ESJ57 一般講演(ポスター発表) P2-150
*原口 岳(京大・生態研),内田 昌男(国環研),柴田 康行(国環研),陀安 一郎(京大・生態研)
古典的な食物網理論では、生食連鎖と腐食連鎖は別個に理解されてきた。しかし近年、二つの食物連鎖は高次消費者を介して連結されており、この連結が群集やエネルギーの動態を理解する上で重要な要因である事が明らかになっている。このような連結性が変化する要因を解明する事は、より一般的な食物網理論を構築する上で有用である。我々は二つの食物連鎖は地上部と地下部という空間分割を伴う事に着目し、地下部由来の双翅目昆虫の捕食を通じて地上部と地下部を連結している樹上クモ類を研究対象とした。樹上クモ類は、生態系の空間構造を大きく変化させる森林植生の遷移に伴って腐食連鎖の依存度を高めるという仮説の下、食物網構造の指標として安定同位体、有機物の生産年代指標としてΔ14C を用いて遷移段階ごとの樹上食物網を調べた。

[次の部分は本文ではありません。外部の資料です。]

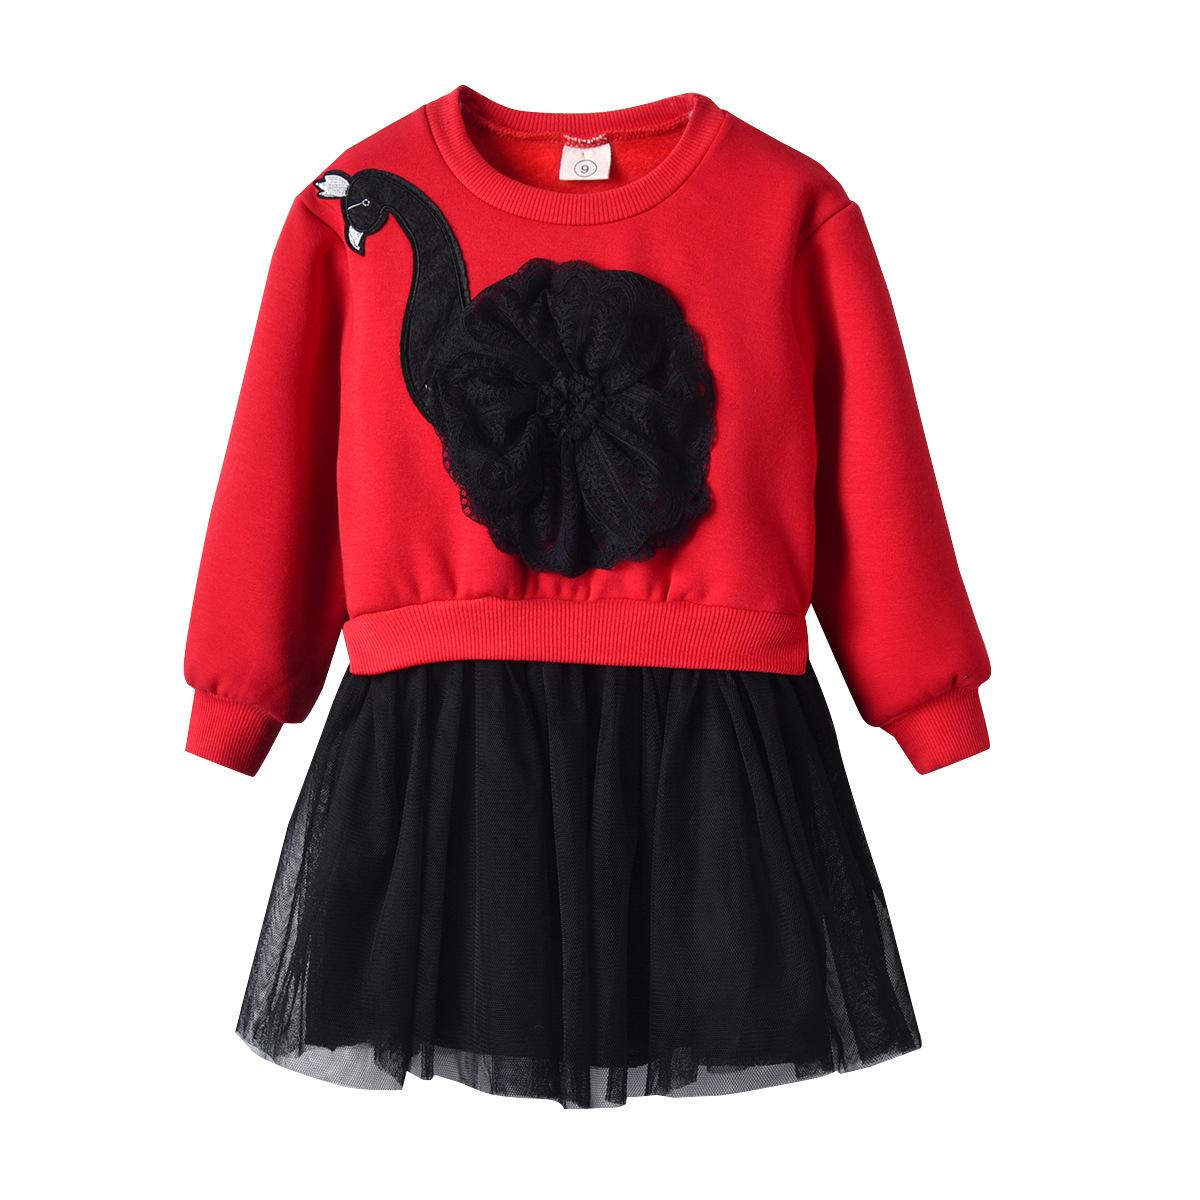 c58738a5fd87 2019 2019 New Foreign Velvet Skirt Girl Korean Version Princess Dress New  Year Red Dress From Cosplayhouse

茨城県北茨城市に位置する老齢林と、周辺に点在する伐採後の経過年の異なる森林でエサ及びクモを採取し、各種同位体を分析した結果を報告する。
双翅目は樹上から採集されたエサと比べて古い炭素起源 (高いΔ14C) を示し、この事と先行研究から双翅目は腐食連鎖、樹上昆虫は生食連鎖上に位置づけられると判断された。安定同位体比から各エサの寄与率を求めると、クモの種によって樹上エサと地下部由来エサを異なる比率で利用しており、調査地の林齢による傾向はなかった。また、双翅目の寄与率が高いほどクモの炭素起源は高く、双翅目を介して腐食連鎖由来のエサ流入が起きている事も確かめられた。以上より、樹上の生食連鎖への腐植生資源の流入は二次遷移過程を通じて一般的に見られる一方、一部の捕食者は老齢林でも生食連鎖に強く依存している事が明らかになった。樹上における腐食連鎖の寄与の全体像を明らかにするには、個々の捕食者の機能特性と植生遷移に伴う群集変化に着目して研究を進める必要がある。